Our lives begin to end the day we become silent about things that matter.” - Martin Luther King, Jr.

Sunday, June 22, 2008

Mooresville water customers respond overwhelmingly to town's plea to conserve water

Mooresville water customers used almost 1 million gallons of water less yesterday than last Saturday, in response to the town's plea to conserve water after two of our three raw-water intake pumps malfunctioned.

Water demand was 3.694 million gallons yesterday, down from 4.522 million gallons last Saturday.

Town staff says the water treatment plant is in "good shape." Elevated storage tank levels are above the town's normal target levels -- 90 to 95 percent full -- and are higher now than this time last weekend.

The town currently has about 12 million gallons of treated water in storage and 4 million gallons of raw water in reserves that can be treated if necessary.

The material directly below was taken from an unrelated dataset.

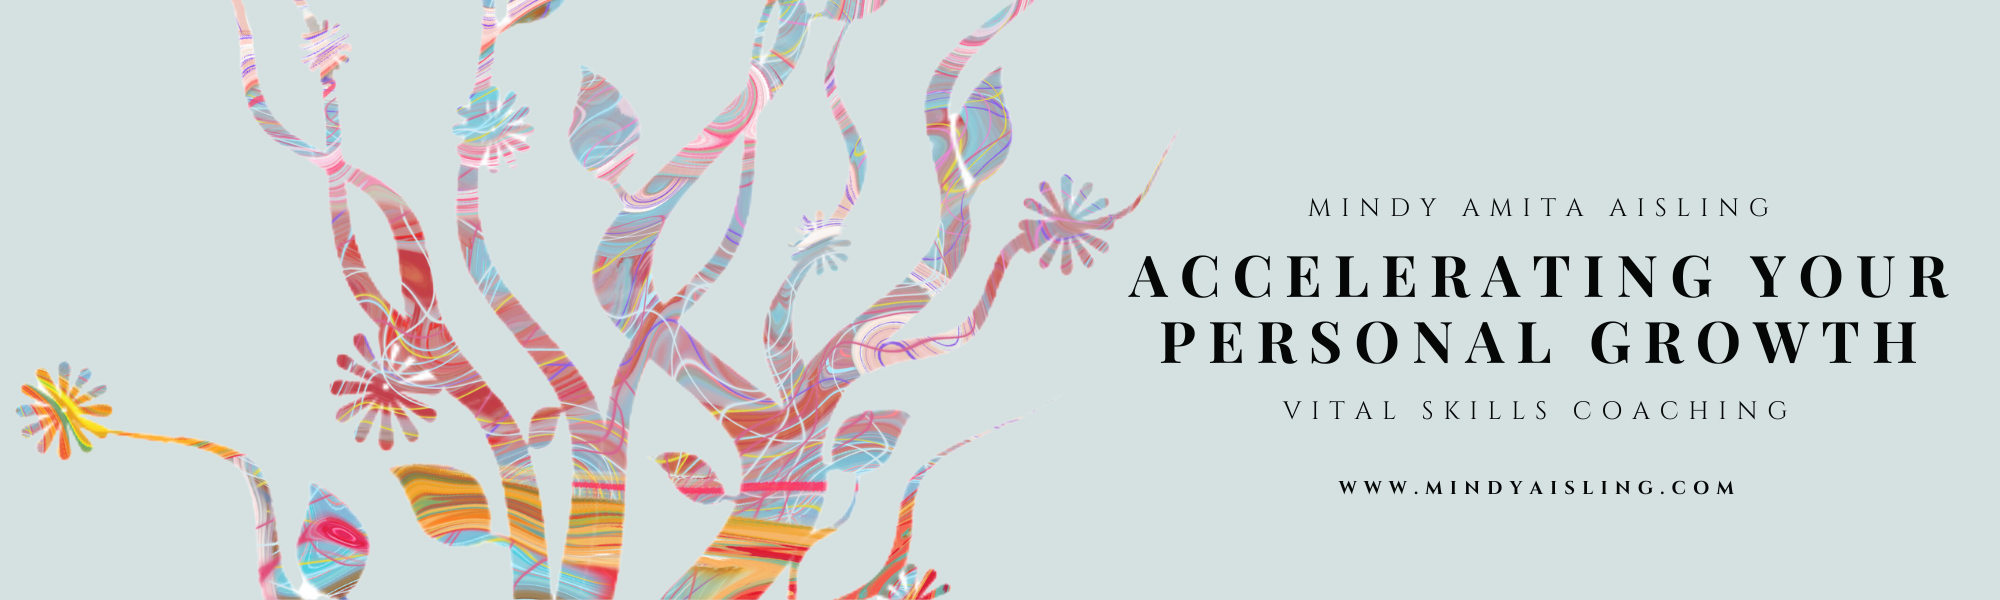 Accelerating Your Personal Growth

The only pump that is currently working -- which can draw 3.6 million gallons of raw water a day from Lake Norman into the town's water treatment plant -- continues to operate efficiently.

Town staff has said it anticipates having the pumps repaired and installed by late tomorrow (not later today, as I originally posted).

4 comments:

Anonymous said...

You know everything would work out OK. It had to with the Mayor and Erskine out of town. We would be better off if they both would stay gone.
Wonder how much Erskine spent at the high price Grove Park Inn on his "working" vacation. You need to check on this Jamie.
Also the Mayor Pro Tem sent out a recorded message that's more than the Mayor would have done.

Anonymous said...

Well mayor pro-tem is just as big a crook as the mayor, he was just trying to suck-up! And make himself look good in light of the recent events, (M-I Conn, lobbyist crap & DARE officer firing.) He needs to stand up and be a man of integrity.

Anonymous said...

I bet you Jimmy McKnights next commission check that if Freight Liner was annoncing a new corporate office in Mooresville our illustrious Mayor would have found a way to put his name / face / voice on the story. But bad news. . . . uh, no thanks, let someone else do it. Don't want my hands to get dirty.

What a wimp.

Anonymous said...

Has anyone given any thoughts to what would happen if our homes or business caught on fire? Could a tanker possibly provide the needed water power? Its a scary thought.